* _PROBLEM TO WORK ON_: In the data below, locate each line with the word "canvas" and list it.

* _RECORDED DATA_:
┌────────
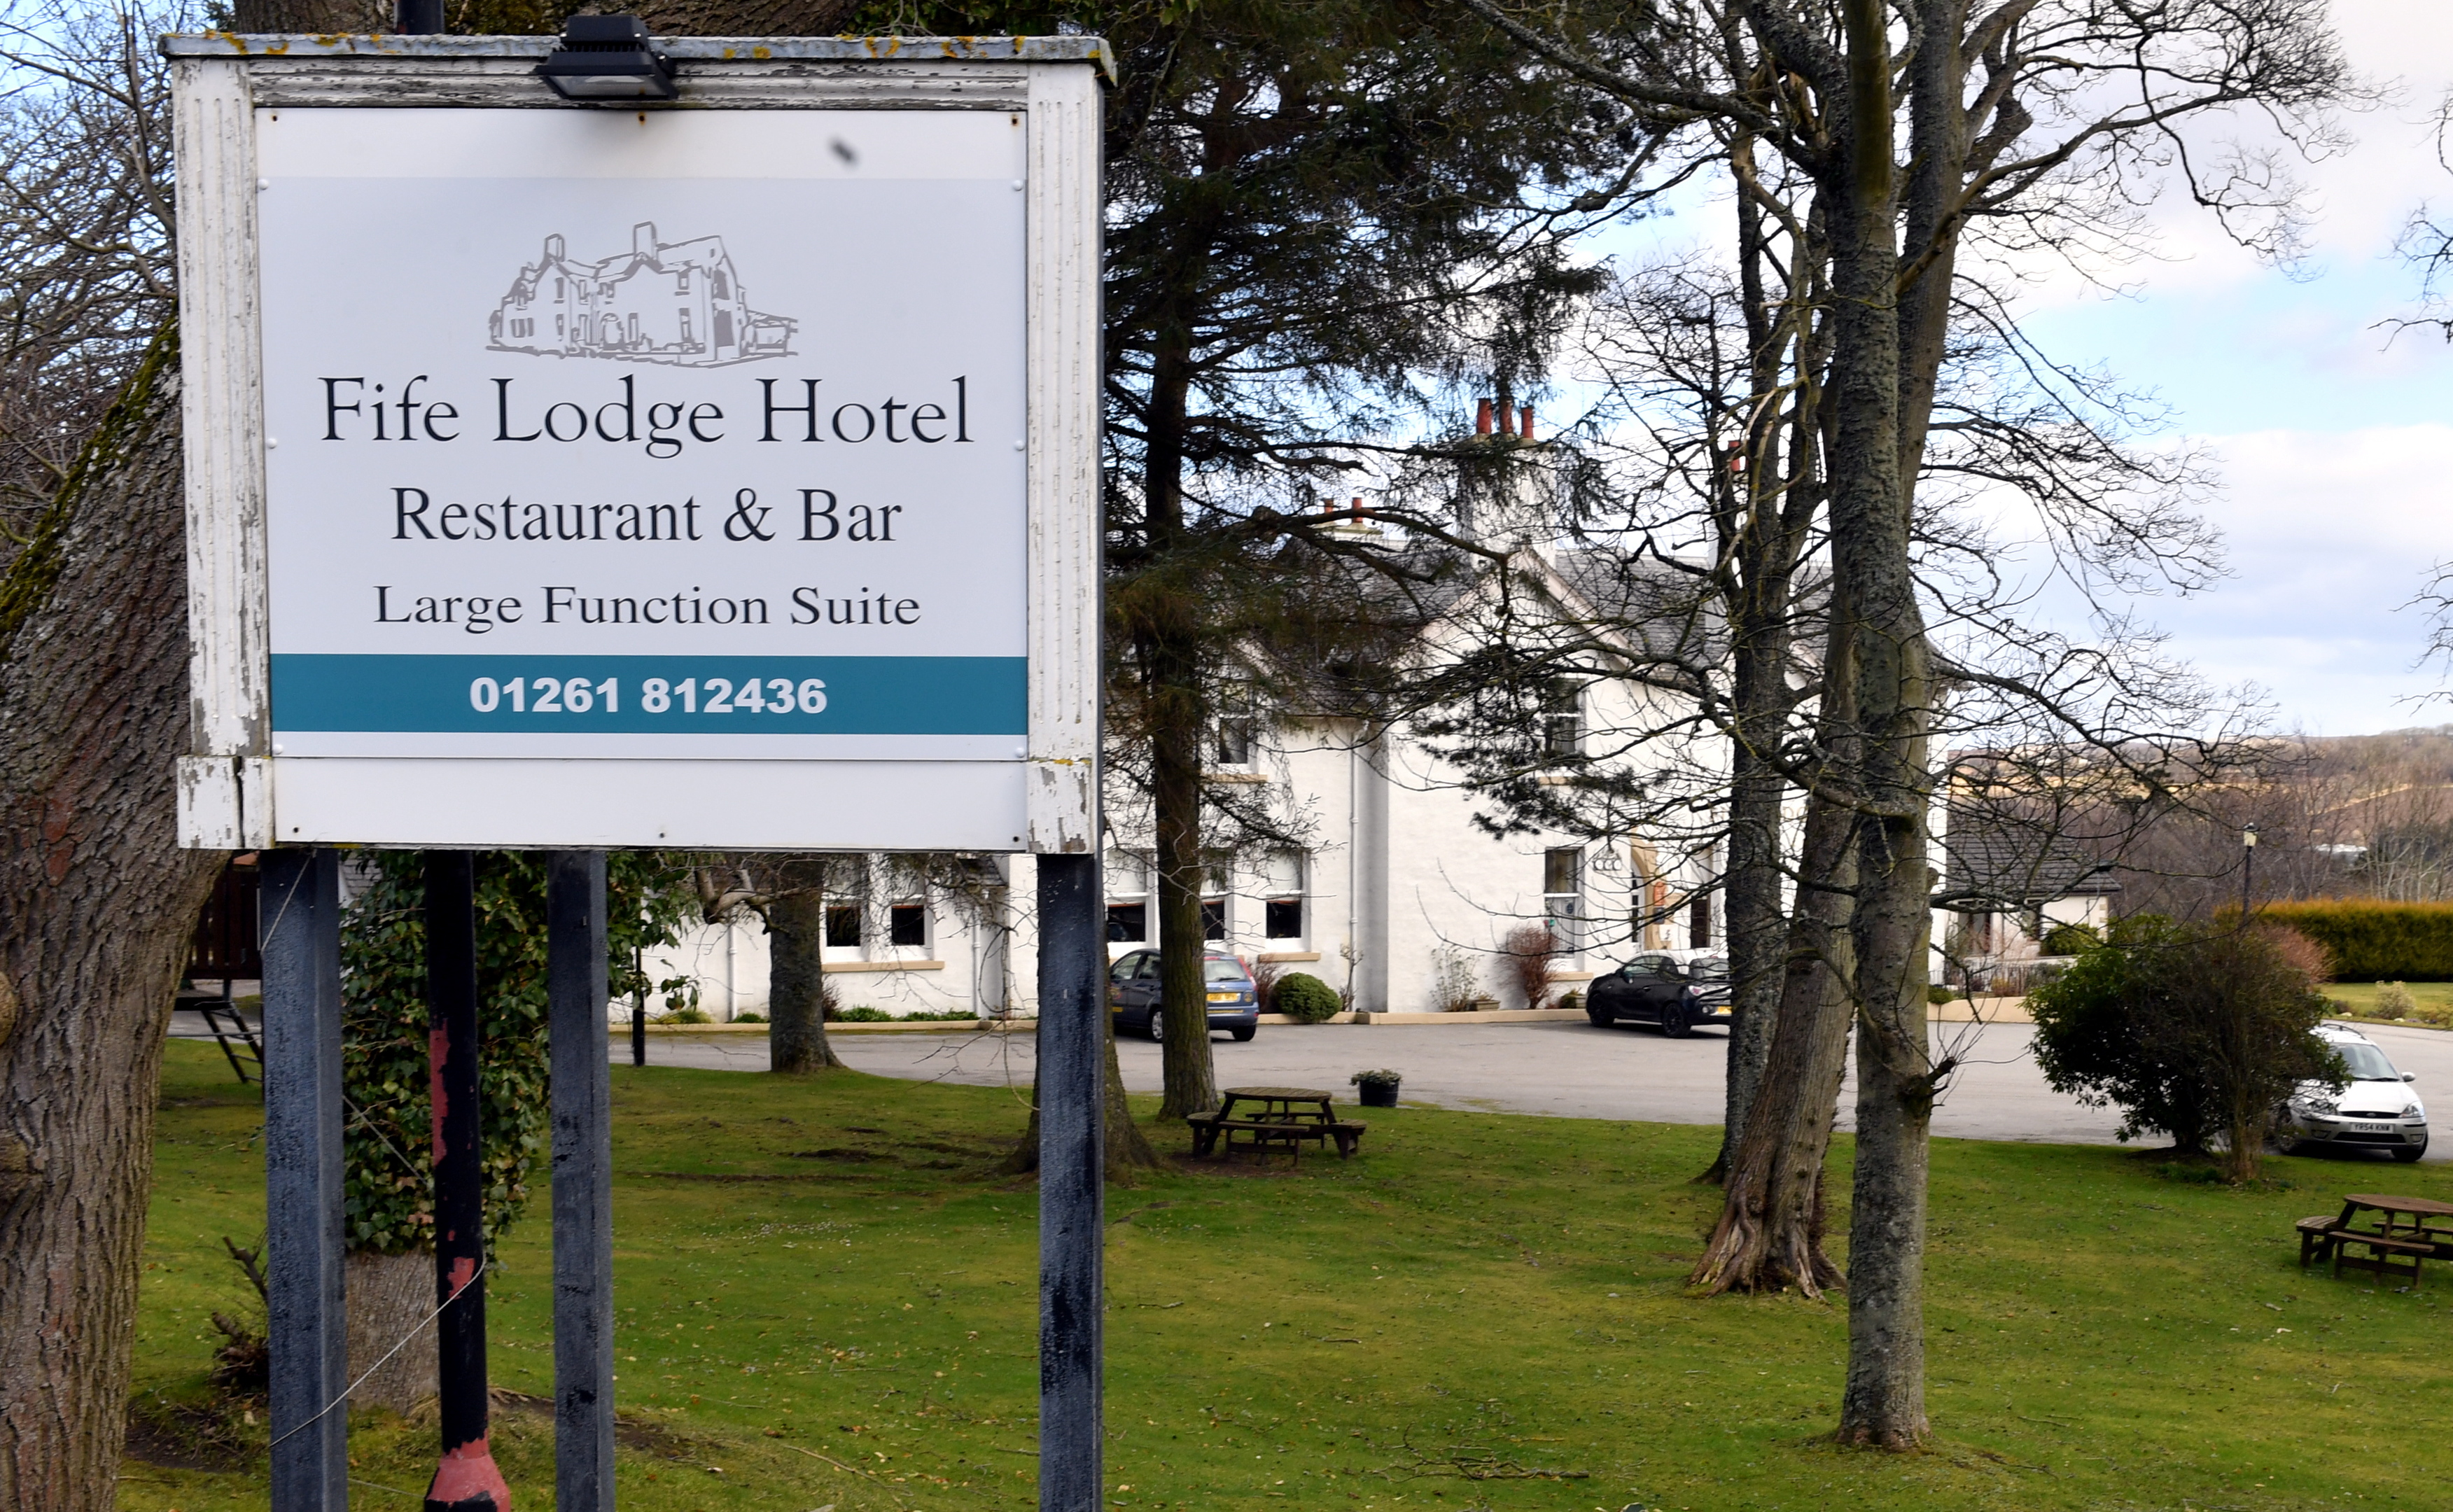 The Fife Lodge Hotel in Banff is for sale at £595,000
└────────
┌────────
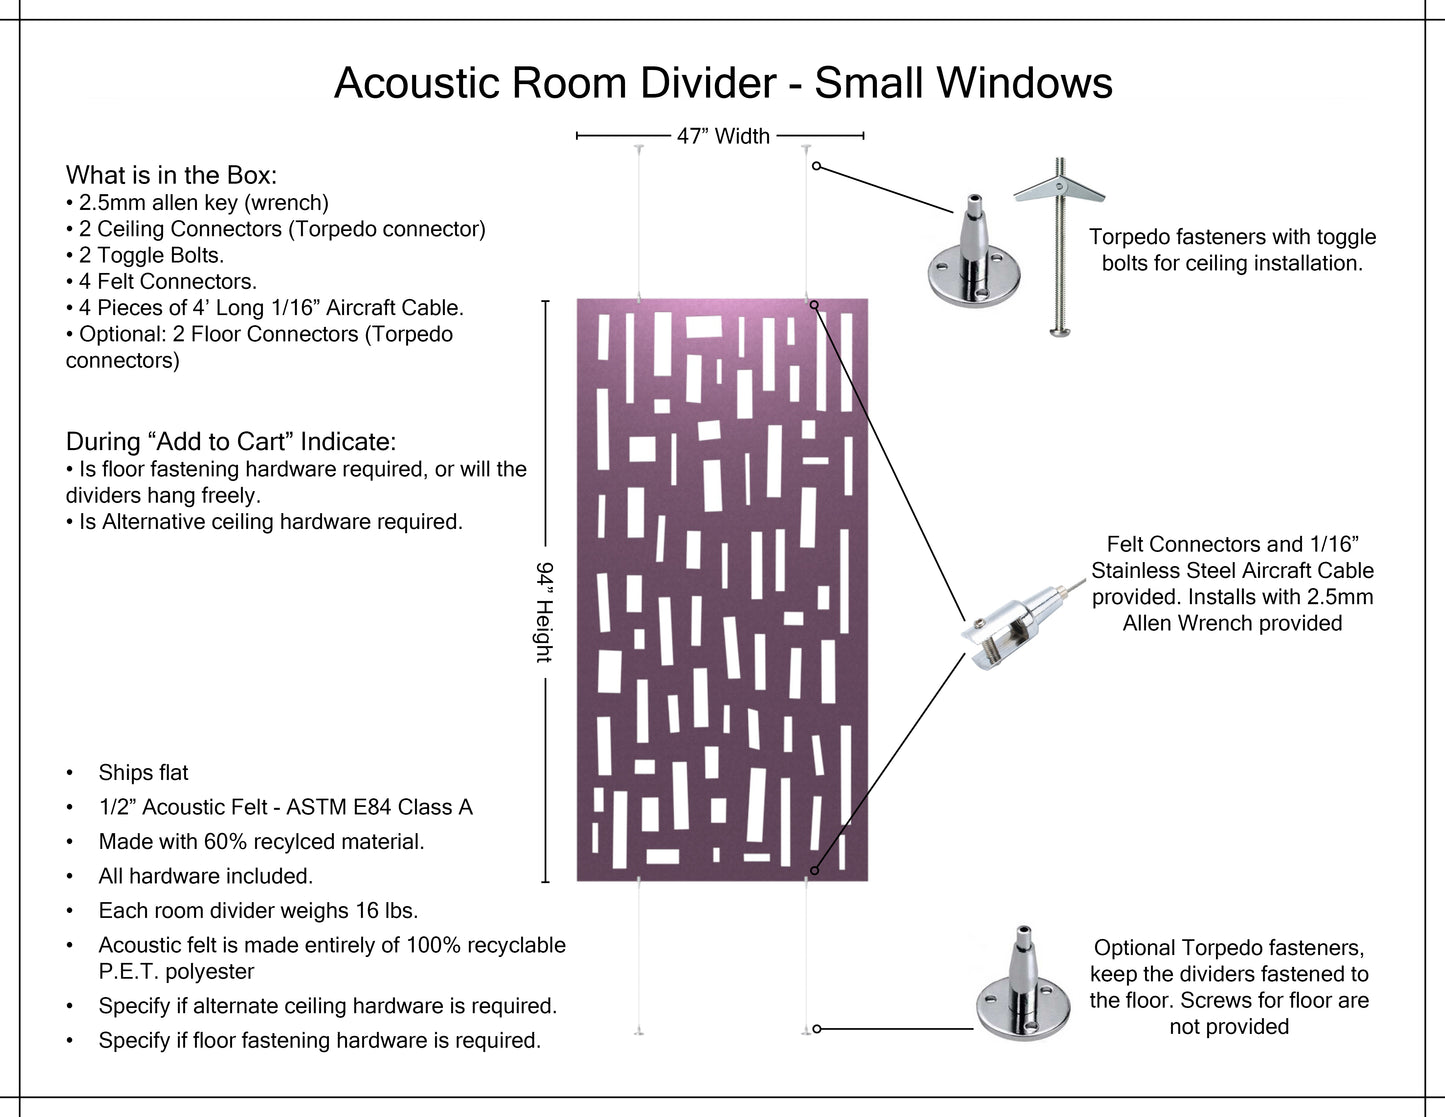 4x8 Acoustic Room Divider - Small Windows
└────────
┌────────
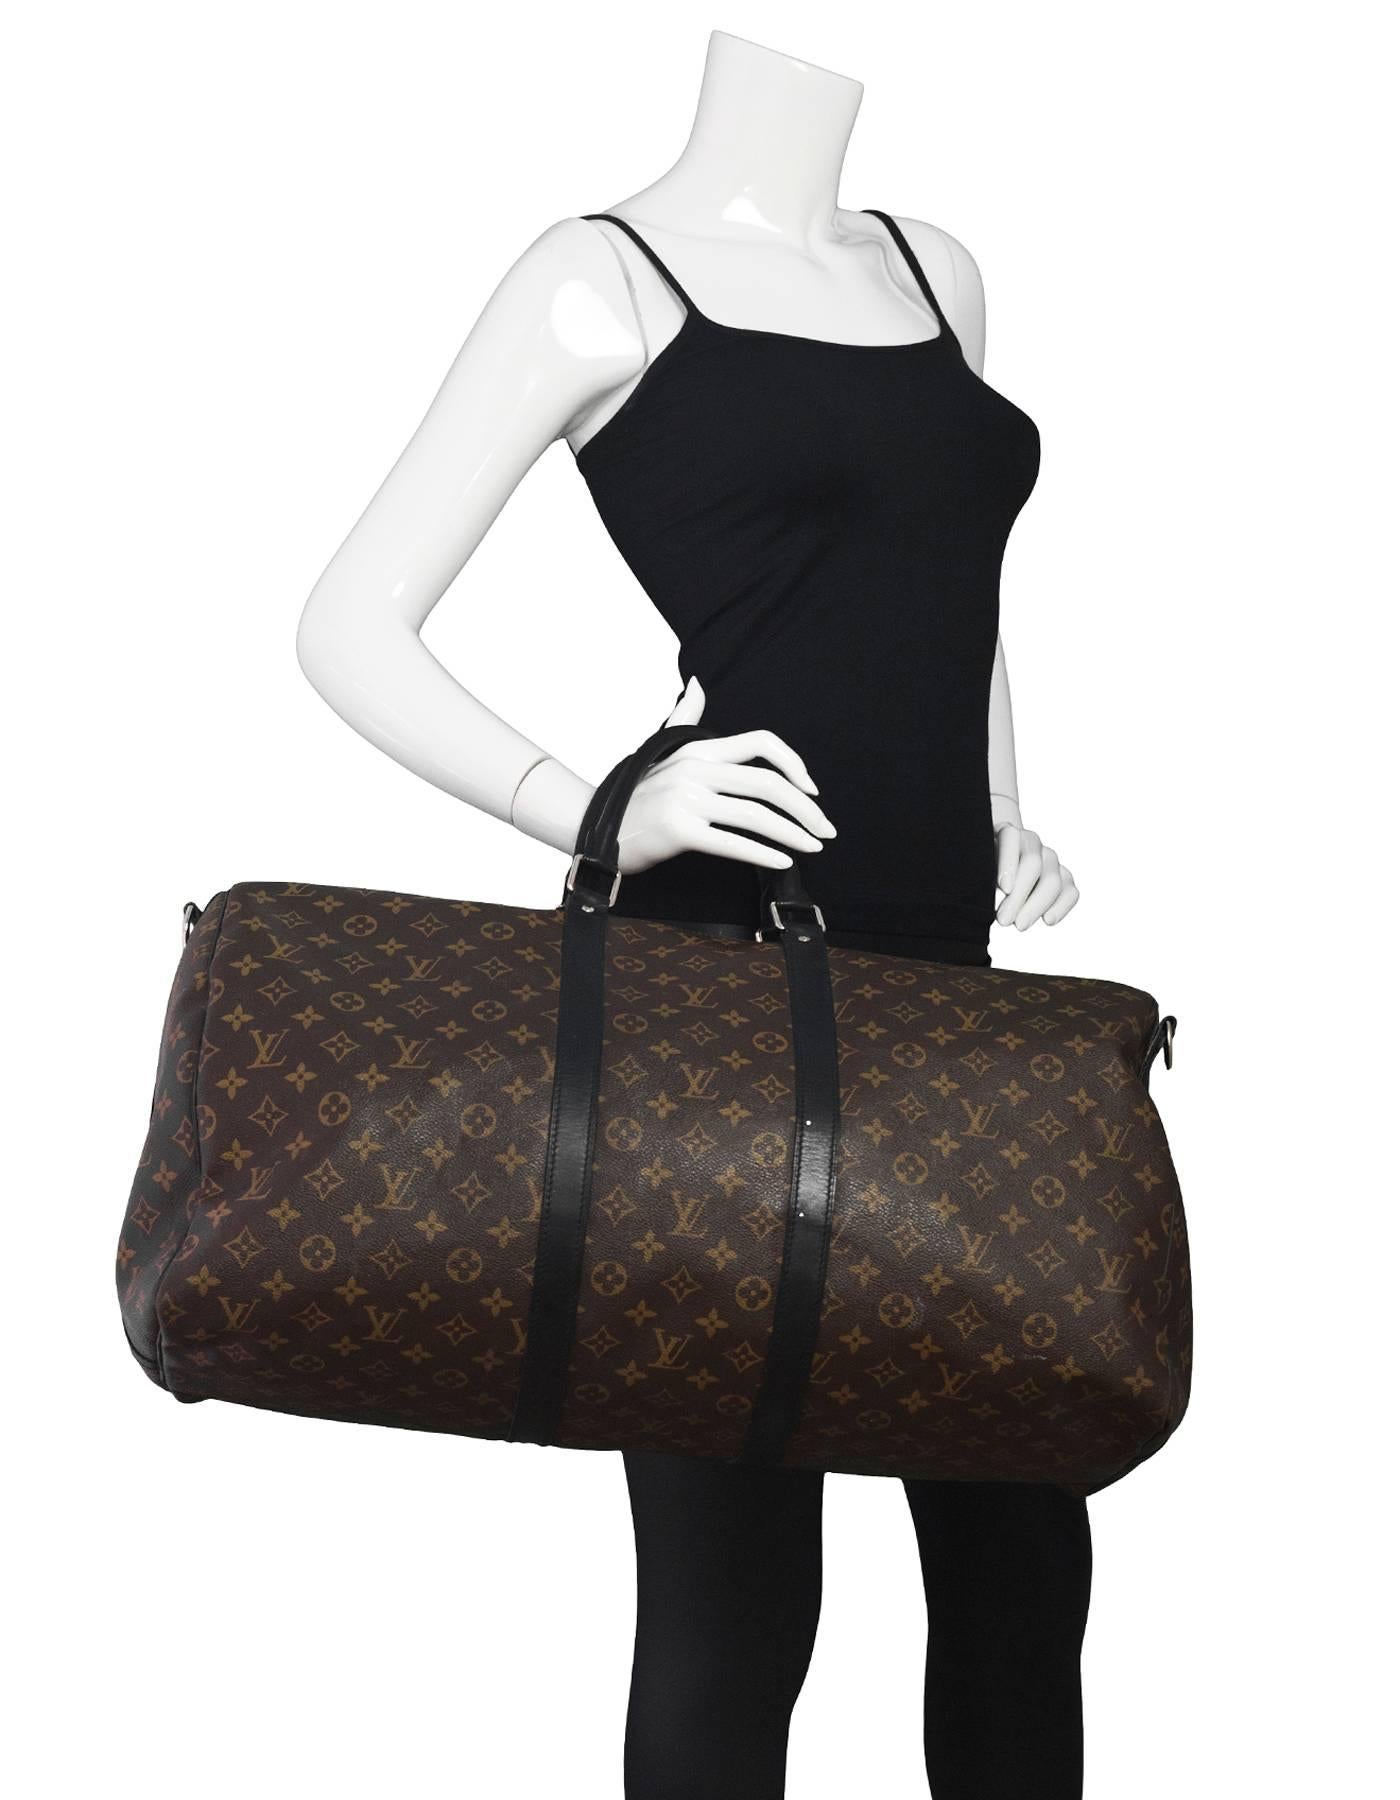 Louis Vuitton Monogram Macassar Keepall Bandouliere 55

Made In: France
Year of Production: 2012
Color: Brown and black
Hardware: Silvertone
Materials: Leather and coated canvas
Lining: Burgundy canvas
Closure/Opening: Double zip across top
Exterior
└────────
* _FINISHED EXERCISE_:
Materials: Leather and coated canvas
Lining: Burgundy canvas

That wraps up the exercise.